Why We Don't Face Milestones Alone

Bekah and Nick

Bekah, my youngest child and my only daughter, just got married. The yard of our Virginia home, backing up to woodlands in spring, served as a great setting.

She wanted to keep things small. Mainly just her family and her fiancé’s family.

But we were fifty people strong—Bekah’s brothers are married and have kids, and her fiancé (now groom) has several siblings and assorted family members.

So there we were, in our backyard for this momentous event. The gently clouded, mostly sunny, warmer-than-normal weather cooperated. (Whew!)

And each person, sitting in the rented white folding chairs, standing for the service’s solemn parts, was there to support this new couple. Every person there made a difference.

Over the days before and after the wedding we had family members coming and going, as you might expect. Jill made a ton of meals for out-of-town guests. Lots of people converged for Saturday’s momentous event, arriving in dribbles during the days of getting ready and then leaving in trickles after the fact.

At these milestone events we invite others along, don’t we? We want them close.

And at one point as I always do in a wedding, I asked those gathered, “Will all of you witnessing these promises do all in your power to uphold these two persons in their marriage?”

We all said, “We will.” Of course. The big projects in life—marriage included—aren’t meant to be tackled solo.

The early followers of Christ modeled that involved, invested caring, too. We see it in glimpses of the first gatherings of believers in the New Testament. They joined around tables and shared the joy—to say nothing of their goods and possessions.

I think of baptism, too, another event of moment and power—back then, and for us today. For when a family stands up front with a child or an adult stands by the font of my church, we ask a question of the congregation: “Will you who witness these [baptismal] vows do all in your power to support these persons in their life in Christ?”

We, the gathered congregation, say, “We will.”

And not just milestones give us a magnetic pull toward others.
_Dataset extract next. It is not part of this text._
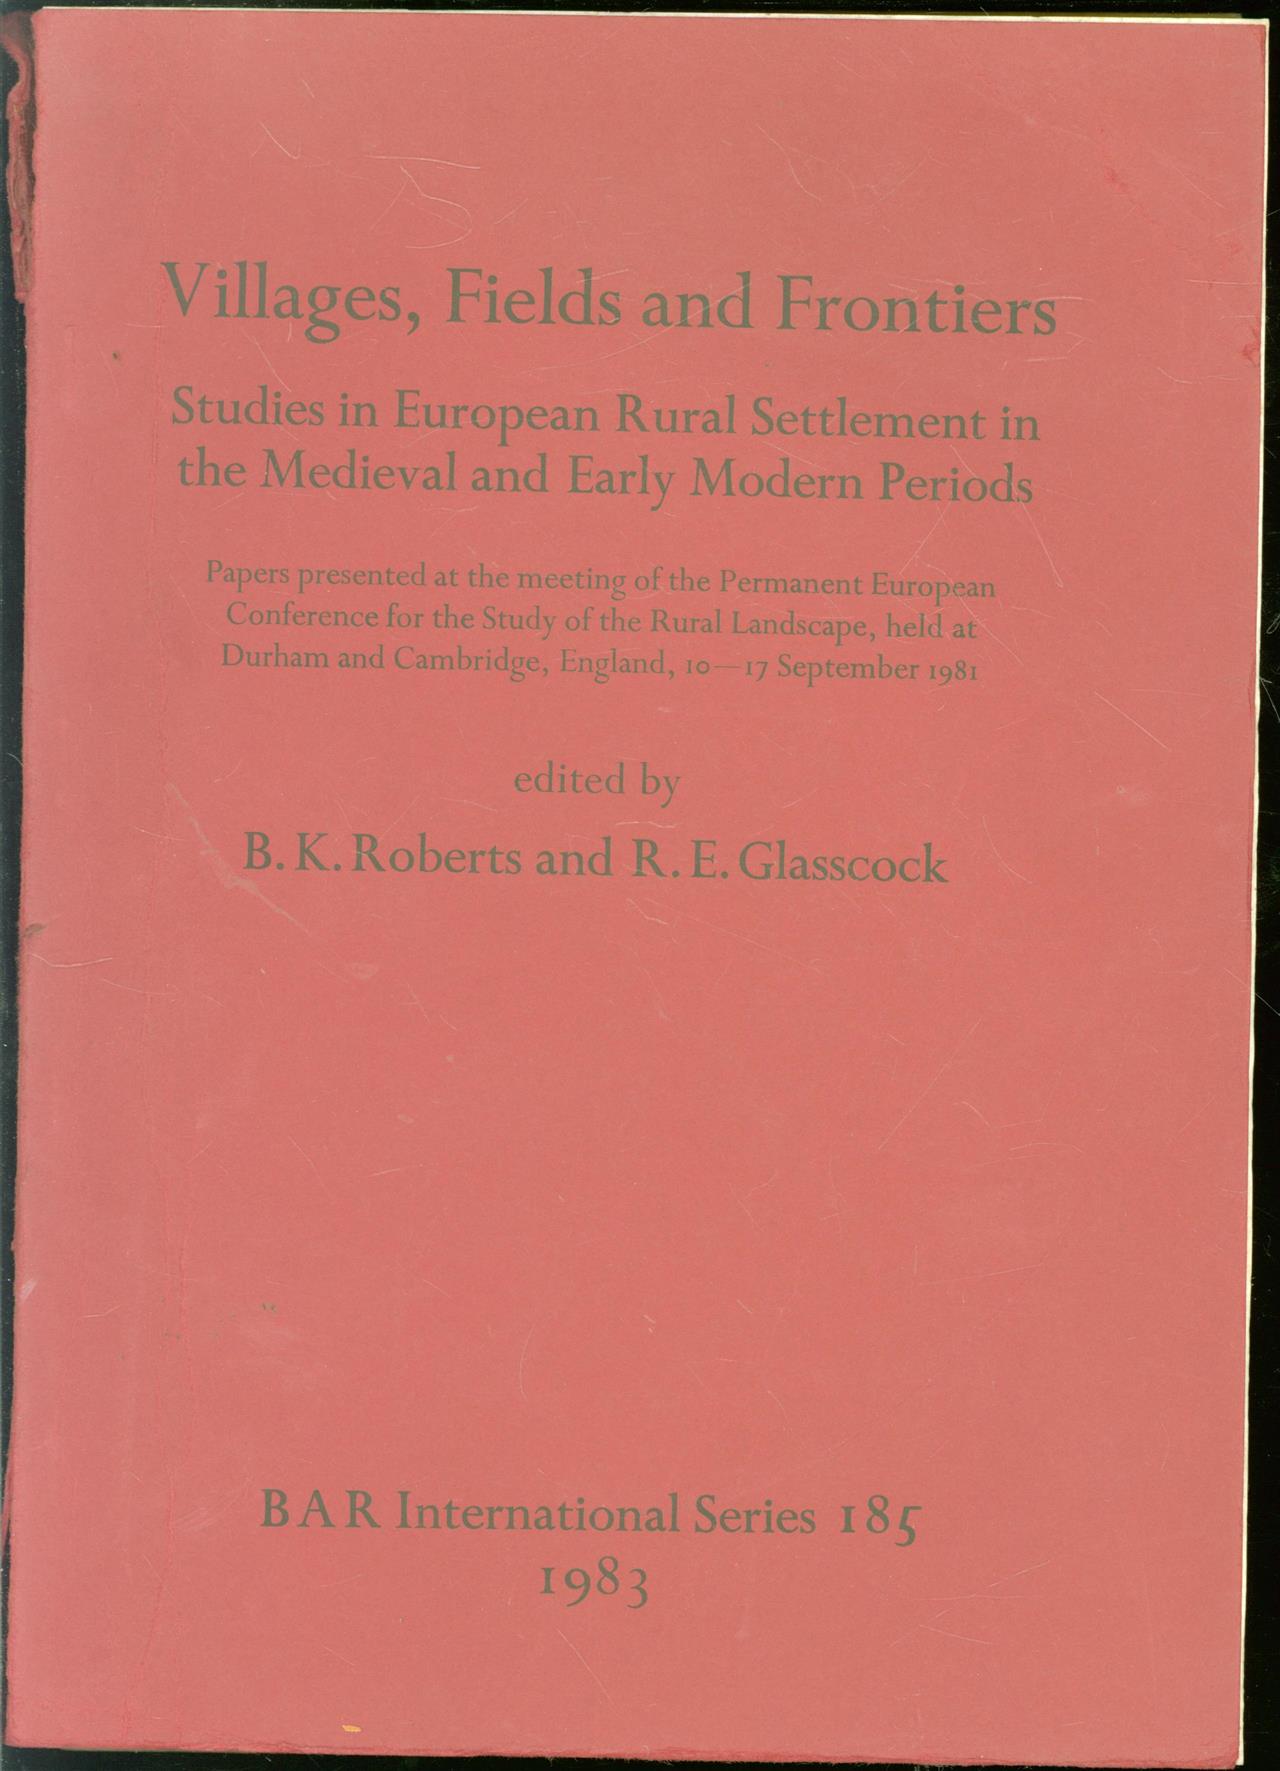 Brian K. Roberts, R. E. Glasscock, Permanent European Conference for the study of the rural landscape Permanent European Conference for the study of the rural landscape (10/17-09-1981: Durham, Cambridge) - Villages, fields and frontiers: studies in European rural settlement in the Medieval and Early Modern Periods

So do the detours and disappointments of everyday life. How greatly another person—a group or clan or neighborhood— matters. “Americans are dying of loneliness,” someone wrote recently in some online news venue. If not dying, at least languishing.

When I think about how much support folks find in church (when it’s at its best), I grieve when folks choose not to participate. I understand the decision, especially if they’ve had hurtful, traumatic experiences at the hands of God’s people, as too many have. If they don’t feel safe.

But we aren’t made to make our way through life alone.

The shepherding duties God gladly takes on, he now shares. One of the outcomes of the resurrection of Christ and the Pentecost of the church (just weeks away in the calendar) is how the caring love of God in Christ also gets shouldered by people like you and me.

And shared not just at the milestone events, but also in modest ways. In how we show kindness. How pray for each other. How we are there for one another.

We can give that kind of help, God willing. And we all need it for ourselves—need that cherishing love in the commitments we make and through all the places life takes us.